The movement bars on the right side of the puzzle and on the bottom don't seem to work. They work in all my other windows so I don't think it is my computer. I can get the image to move (slowly) by using "Page Up" and "Page Down" on my keyboard, but then the puzzle moves in large jumps. Most of the time I can use the arrows at the bottom of the side bar but the movement is delayed and sometimes it doesn't work. It is very frustrating when trying to solve the larger puzzles.

I do like the ability to move the numbers from one side to another - very handy sometimes. Why ever you started this site I don't know but I truly admire the time and skill it takes. Thank you, Cec Jones
#19: Jan Wolter (jan) on Mar 28, 2009
I did at one point see problems with the scroll bars not working in one of the browsers I tested. I think it was some version of IE, but the problem went away and I didn't research it further. Looks like you are using IE 7. I'll have to do more testing on that.
#20: BlackCat (BlackCat) on Mar 28, 2009
Thank you.
#21: Jan Wolter (jan) on Apr 29, 2009
I went through the forum topics list and archived a bunch more topics.

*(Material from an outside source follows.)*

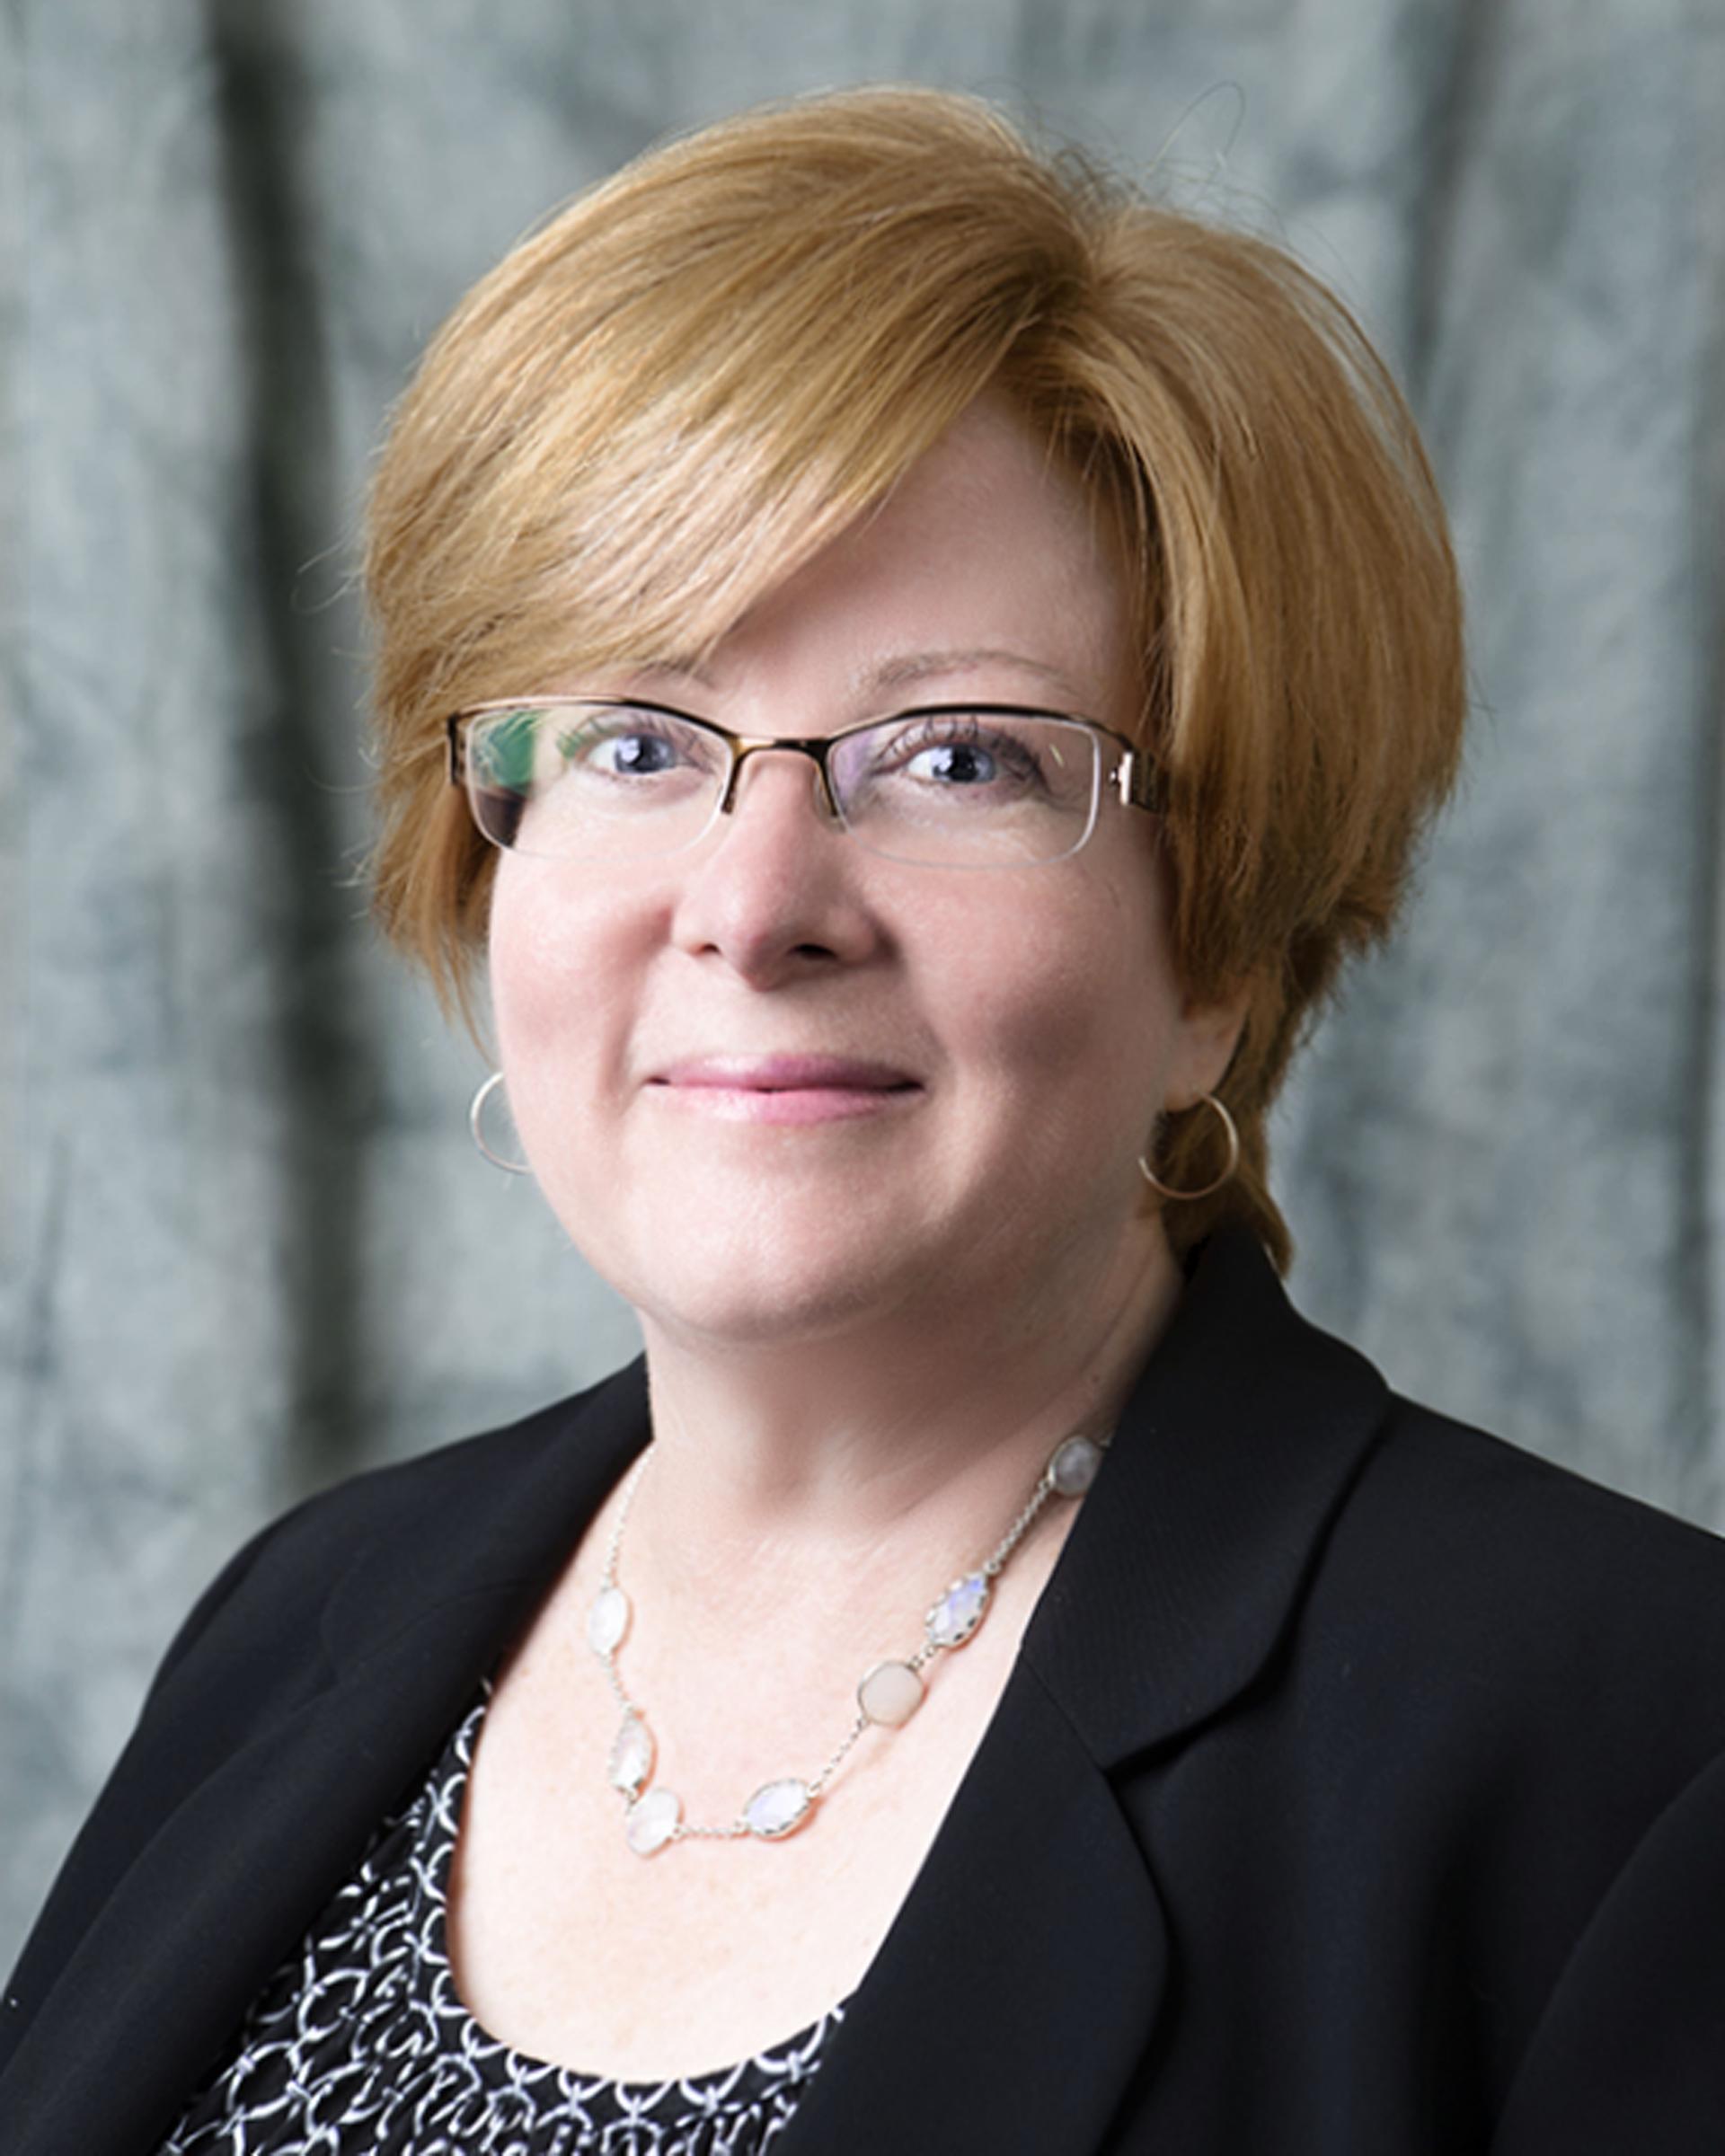 Annette Bettridge, PA-C, MS, FNP, assistant professor in the Physician Assistant Studies department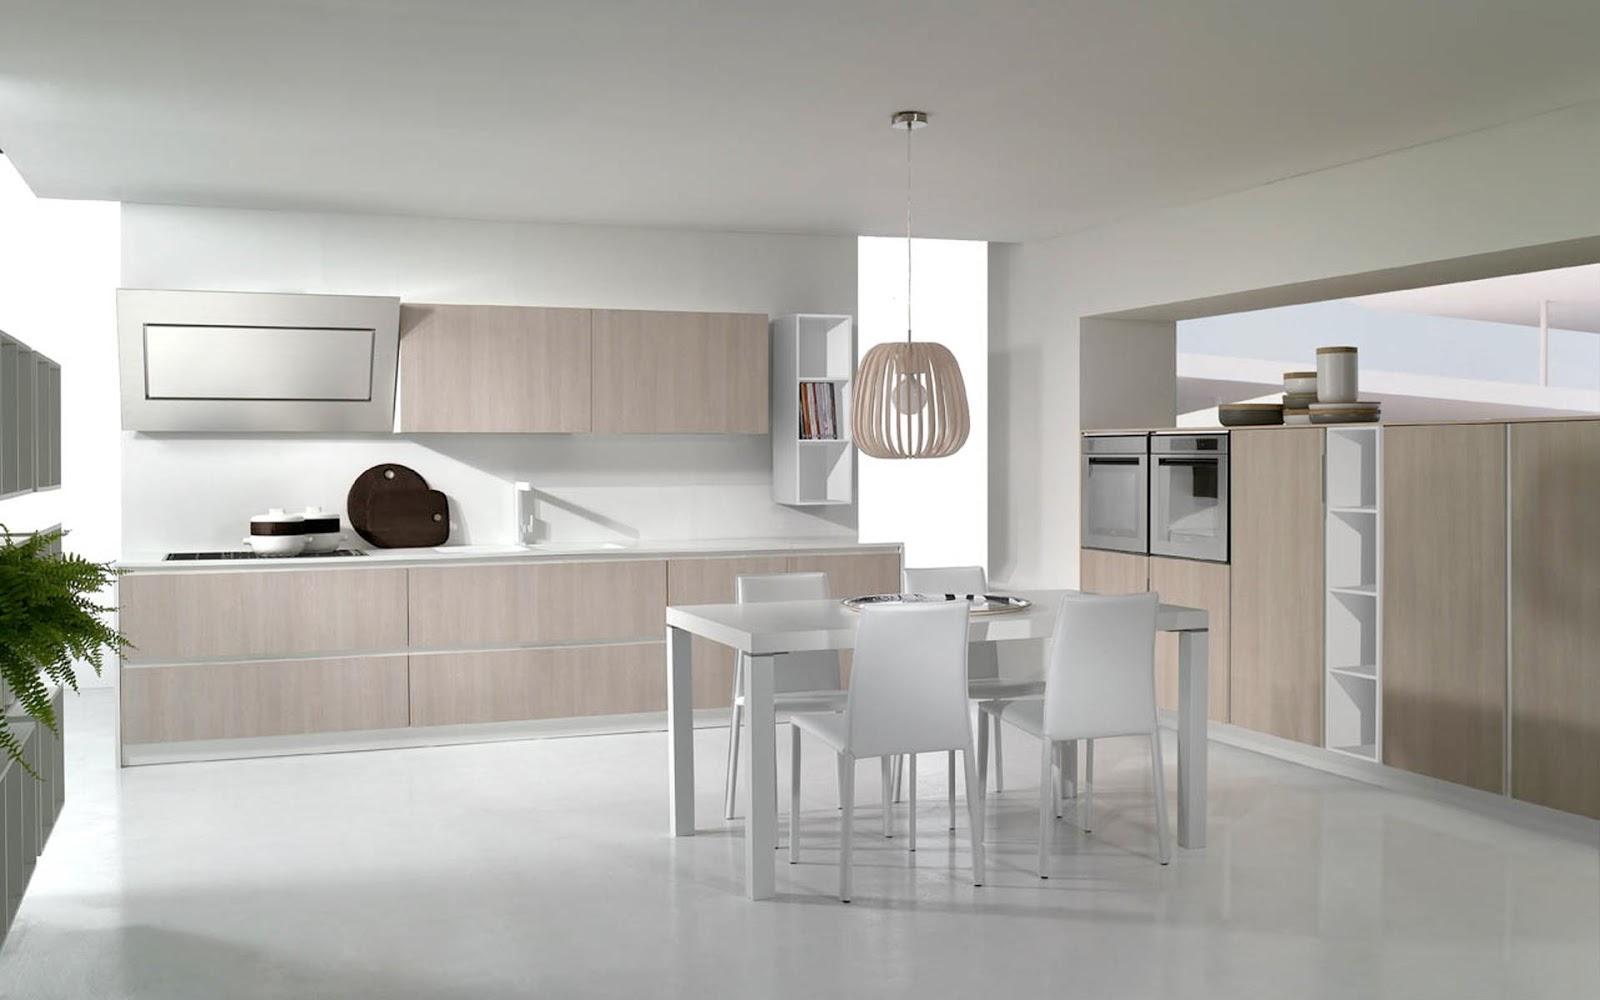 Emejing Arredo Cucina Moderna Piccola Gallery - Ideas & Design ...

Note that archived topics can still be seen, if you select "Archived Topics" from the pull-down at the top of the "Forum" page.

The reason I do this is so that when new users come to the site, they don't have to wade through tons of old discussion to find current discussion. So my criteria for archiving things is based on whether I think they would be of much interest to new people coming into the site. Many archived items are discussions about bugs that have been fixed, or social chit-chat that was fun at the time, but perhaps not of lasting interest. Some were lovely items at the time, and make for nice memories, but that's what archives are for.
#22: Jan Wolter (jan) on Apr 11, 2010
User aguler01 posted 24 puzzles from Gemsweeper. I'm sure no harm was intended, but I think these are copyrighted puzzles, so I have unpublished them.

Gemsweeper is available from http://www.lobstersoft.com/gemsweeper/

It runs on windows. There is a free demo version. The full version has 225 puzzles and costs $19.95.

I just tried the demo. The graphic design is quite fabulous. Text is witty. The multicolor puzzles are a bit odd - you don't get multicolored clues. They are solve just like monochrome puzzles, but cells come up in different colors when you click on them. So they are really just cosmetically enhanced monochrome puzzles. There are bonus levels where every time you solve a row, it vanishes and a new row scrolls on. Of course these puzzles can never be finished, so it's a time trial sort of thing. Guessing is sometimes required in the bonus puzzles. Free demo has only very easy puzzles, no bigger than 10x10. Dunno how much more interesting the puzzles in the full version get.